O ministro do Meio Ambiente do Brasil afirmou ontem que o Brasil vai avançar com uma
proposta muito ambiciosa de reduzir as suas emissões em 40% até 2020. Embora tal redução
anunciada não tenha como referencial as emissões de 1990, há que registar uma atitude
positiva para as negociações.
Pois as negociações preparatórias prosseguem através de várias rondas.
A última ronda política de negociações terminou em 9 de Outubro em Banguecoque. A
próxima ronda terá lugar em Barcelona, a partir de 2 de Novembro.
Em relação à redução de emissões de CO2, as metas que os diferentes países industrializados
já colocaram sobre a mesa de negociações, apenas conduzirá a uma redução global em 2020,
entre 9 e 15-16% acima dos níveis de 1990. As grandes economias emergentes ainda não
avançaram com metas ou acções concretas para controlarem as suas emissões.
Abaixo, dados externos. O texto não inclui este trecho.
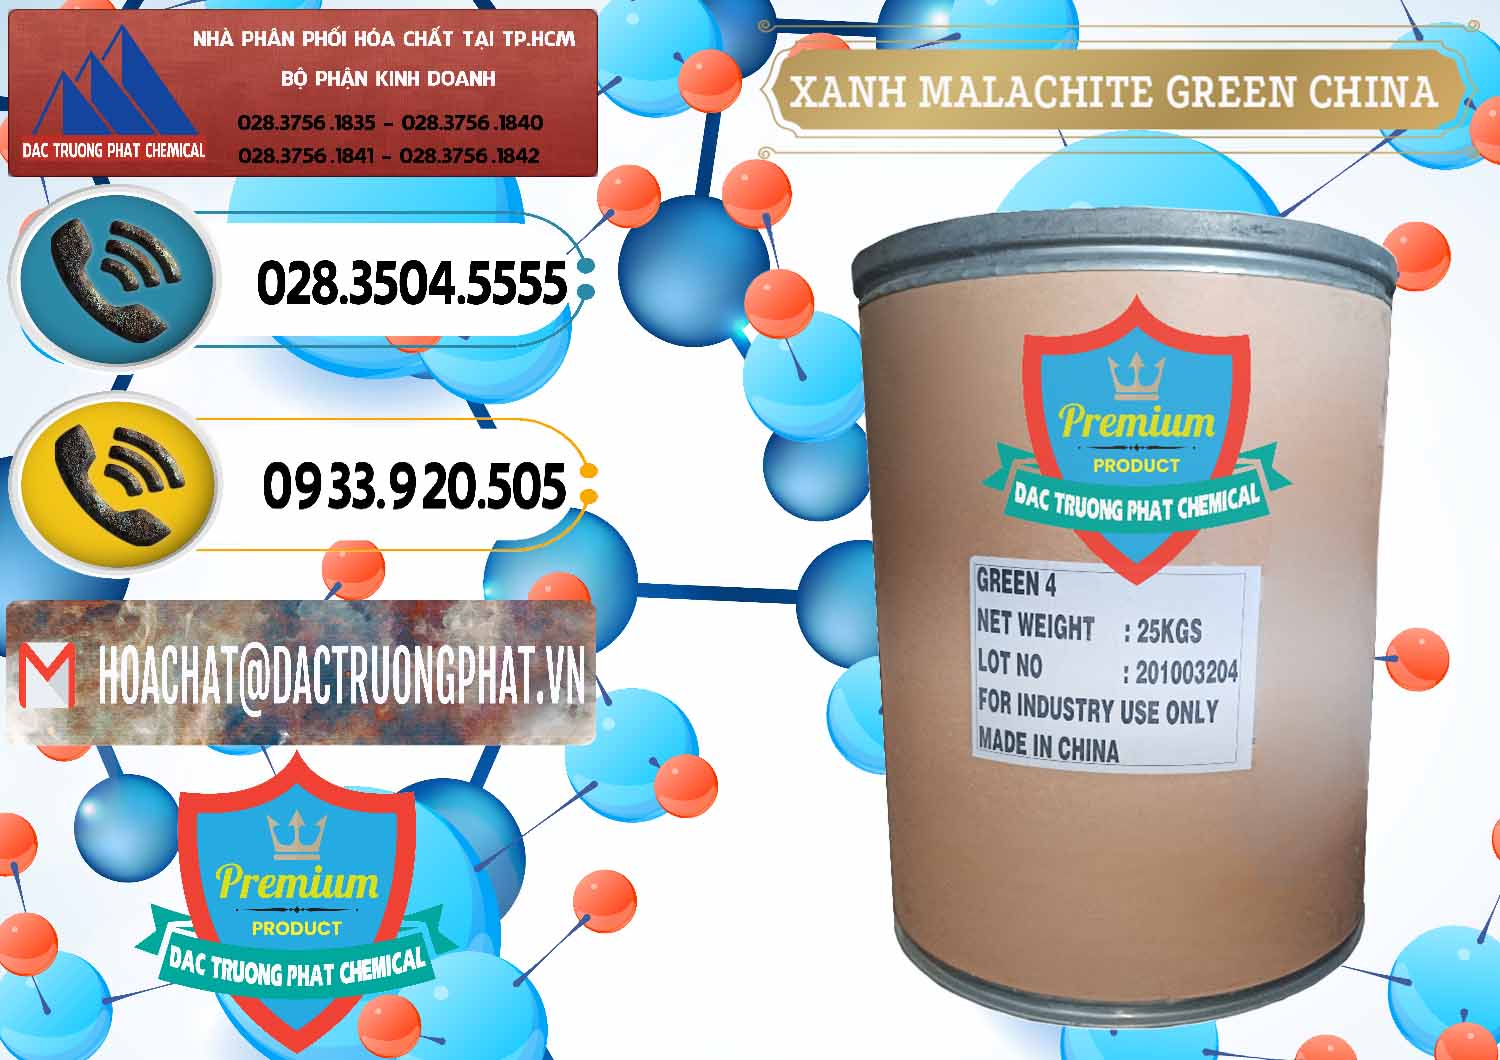 Chuyên bán và cung ứng Xanh Malachite Green Trung Quốc China - 0325 - Đơn vị chuyên bán ( phân phối ) hóa chất tại TP.HCM - hoachatdetnhuom.vn

Para que seja obtido em Copenhaga um acordo político, vinculativo e ambicioso, tem que
haver acordo de 192 países, pois temos uma tarefa conjunta e não apenas uma tarefa para a
Europa.
Copenhaga pode ser a última oportunidade para que haja um acordo para que as emissões
globais invertam o ciclo de subida, e assim evitar que a temperatura não suba mais que 2º
acima da temperatura de referência.
Já passaram 12 anos desde Quioto.
Não se pode esperar mais uma década para tomar decisões sobre as acções para reduzir as
crescentes emissões de CO2. Pode ser demasiado tarde.